A Zorbax Eclipse XDB C18 HPLC column (150mm x 4.6mm, 5µm particle size) was employed for chromatographic separation. The mobile phase consisted of two components: mobile phase A, a mixture of Water, Tetrahydrofuran and Acetonitrile in a ratio of 91:3:6 (v/v/v), and mobile phase B, a blend of Water, Tetrahydrofuran, Acetonitrile, and Methanol in a ratio of 4:2:74:20 (v/v/v/v). The flow rate was maintained at 1.0 mL/min. The gradient program was programmed as follows: initially, the system started with 85% of solvent A, then at 2.0 minutes, it remained at 85% A, followed by a linear gradient to 75% A at 15 minutes, 60% A at 25 minutes, 20% A at 30 minutes, holding at 20% A until 35 minutes, returning to 85% A at 36 minutes, and maintaining at 85% A until 40 minutes. For detection, a UV detector was set at a wavelength of 245nm. The column temperature was held constant at 40°C, while the sample temperature was maintained at 5°C to ensure stability. The injection volume for each sample was set at 50µL.

Method:

Standard preparation:

A standard solution was prepared containing 0.8ppm of Deflazacort, 1.6ppm of Deflazacort 21-Alcohol, and 0.8 ppm of Deflazacort Impurity A.

Sample preparation:

Ten grams of the sample were measured and placed in a 50mL volumetric flask. Approximately 10mL of methanol was added, and the mixture was sonicated for 10minutes. After that, 20mL of Acetonitrile was introduced, followed by another 10minutes of sonication with shaking. The volume was then brought up to the mark with acetonitrile and mixed thoroughly. The solution was filtered through a 0.45µm nylon filter, discarding the first 5mL of the filtrate. Finally, 4.0mL of the filtered solution was transferred to a 10mL volumetric flask, and the volume was adjusted to the mark with water before mixing.

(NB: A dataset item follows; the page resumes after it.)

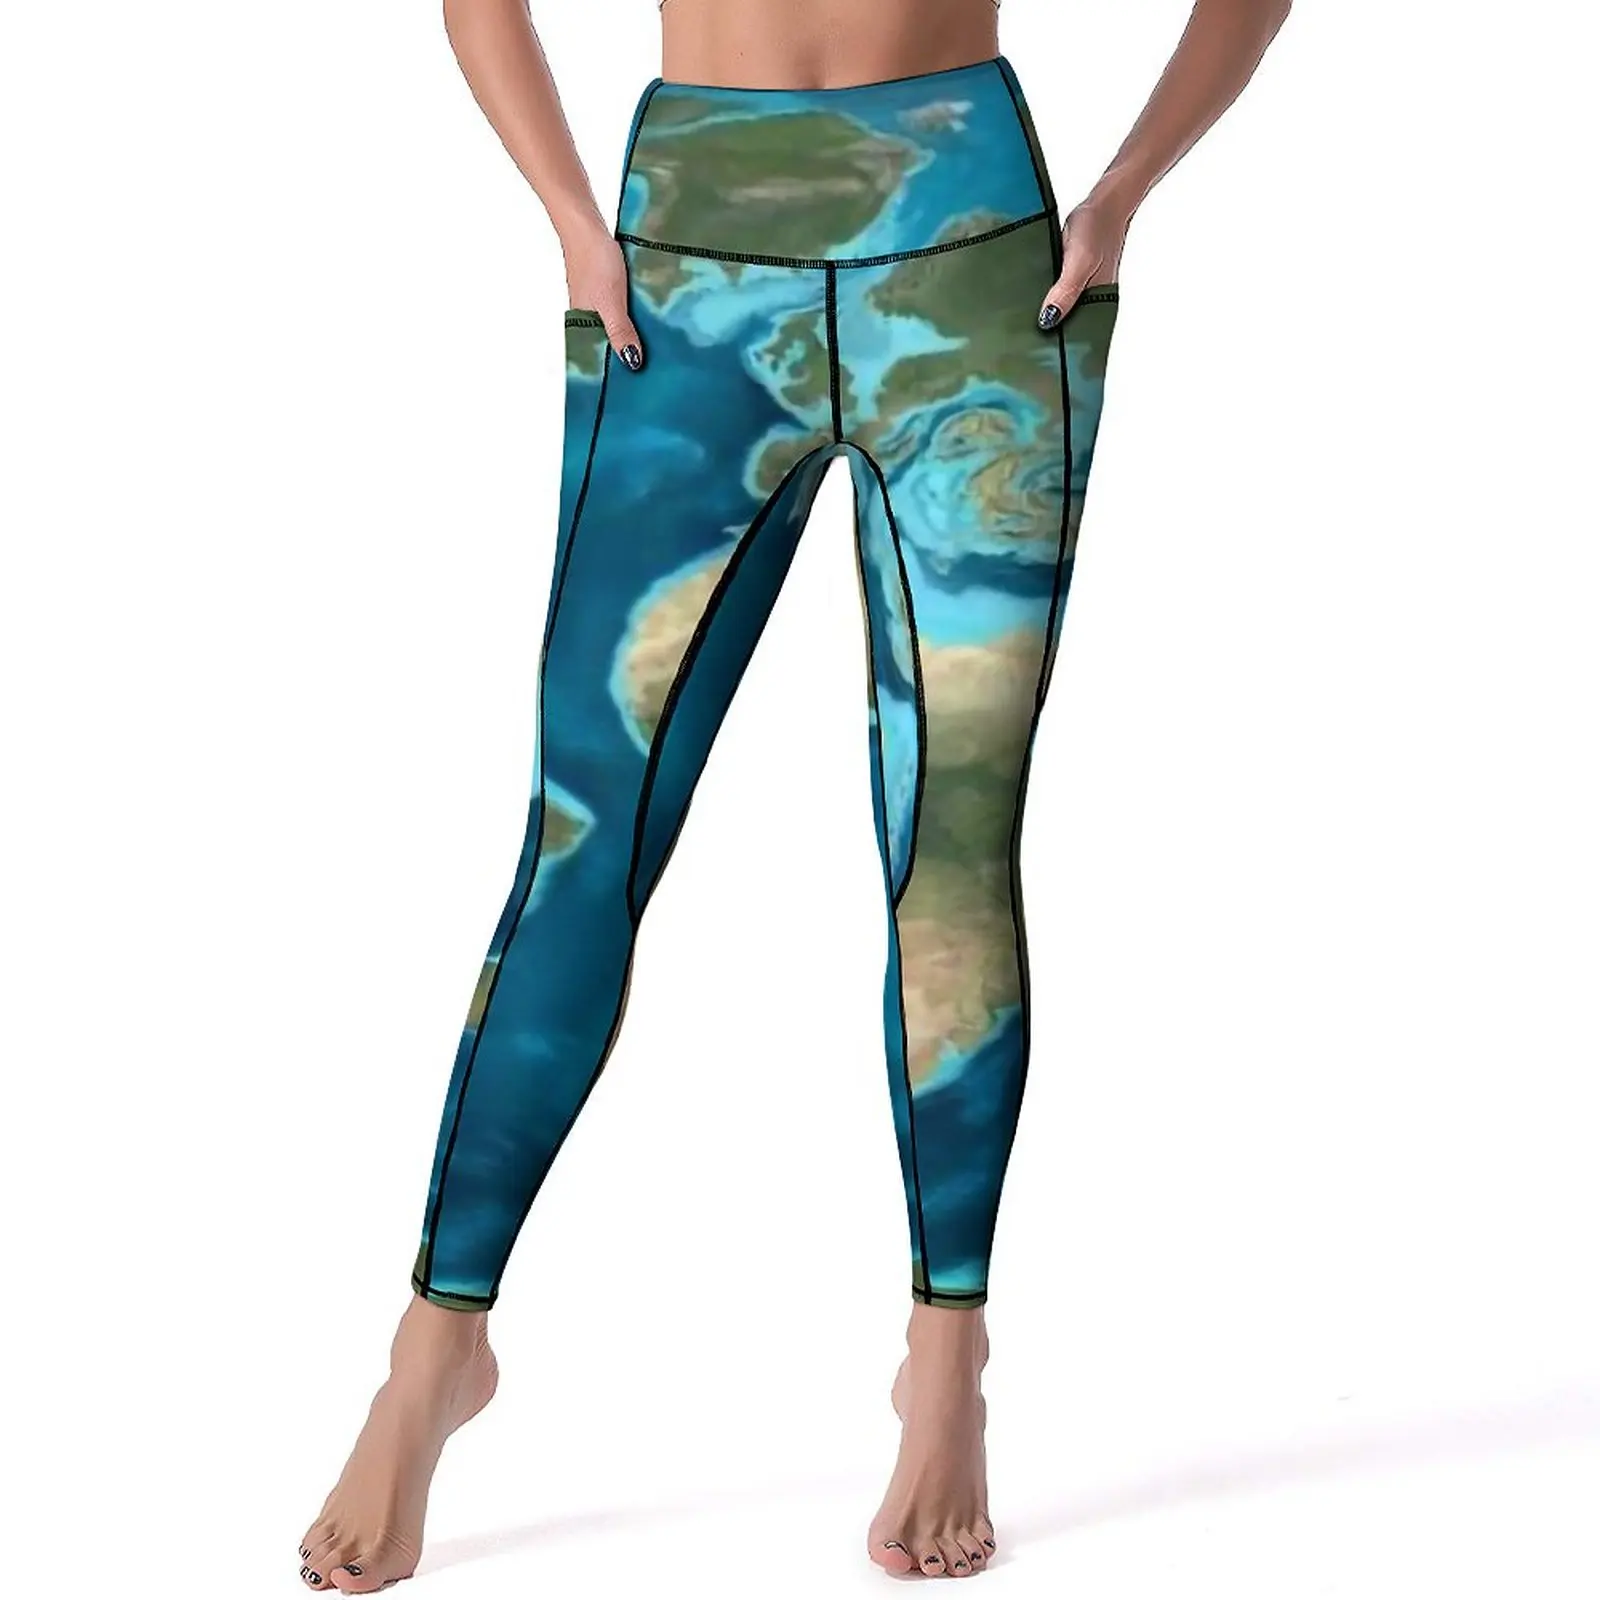 

Earth Map Leggings Sexy 65 Million Years Ago Push Up Yoga Pants Elegant Quick-Dry Leggins Lady Graphic Gym Sports Tights

AQbD approach for method development:

We identified the Analytical Target Profile (ATP) and Critical Quality Attributes (CQA) based on a thorough understanding of method parameters. To optimize the method systematically, we used a factorial design approach, summarized in Table 1.

Table-1: - Analytical QbD Parameters

QTPP

CQA

Factorial Design

1.Retention time

2.Resolution

1.Composition of the mobile phase

2.gradient programme

1.Multilevel Factorial Design exploratory approach

Analytical method validation:

Method validation is crucial for confirming the appropriateness of an analytical process. Following the ICH Q2 (R1) guidelines, the HPLC method used to analyse Deflazacort's impurity profile was validated by assessing several parameters, including Accuracy, Precision, Specificity, Limit of Detection (LOD), Limit of Quantification (LOQ), Linearity, Range, and Robustness. Linearity was evaluated from the LOQ up to 150%, and correlation coefficients were calculated. Precision was assessed through repeatability tests using six samples, while accuracy was evaluated through a recovery study conducted at three different levels. The method's robustness was tested by making slight changes to the chromatographic conditions to gauge its resilience.

RESULTS:

Method development and optimization:

A Zorbax Eclipse XDB C18 HPLC column (250mm x 4.6mm, 5µm) was initially used. Mobile phase A was a 92:8 (v/v) mixture of Water and Acetonitrile, while mobile phase B consisted of Water, Acetonitrile, and Methanol in a 4:75:21 (v/v) ratio. The flow rate was set to 1.0 mL/min, with samples and standards prepared in Acetonitrile. However, an unknown peak was observed overlapping with placebo peaks. (Refer to Figure 2).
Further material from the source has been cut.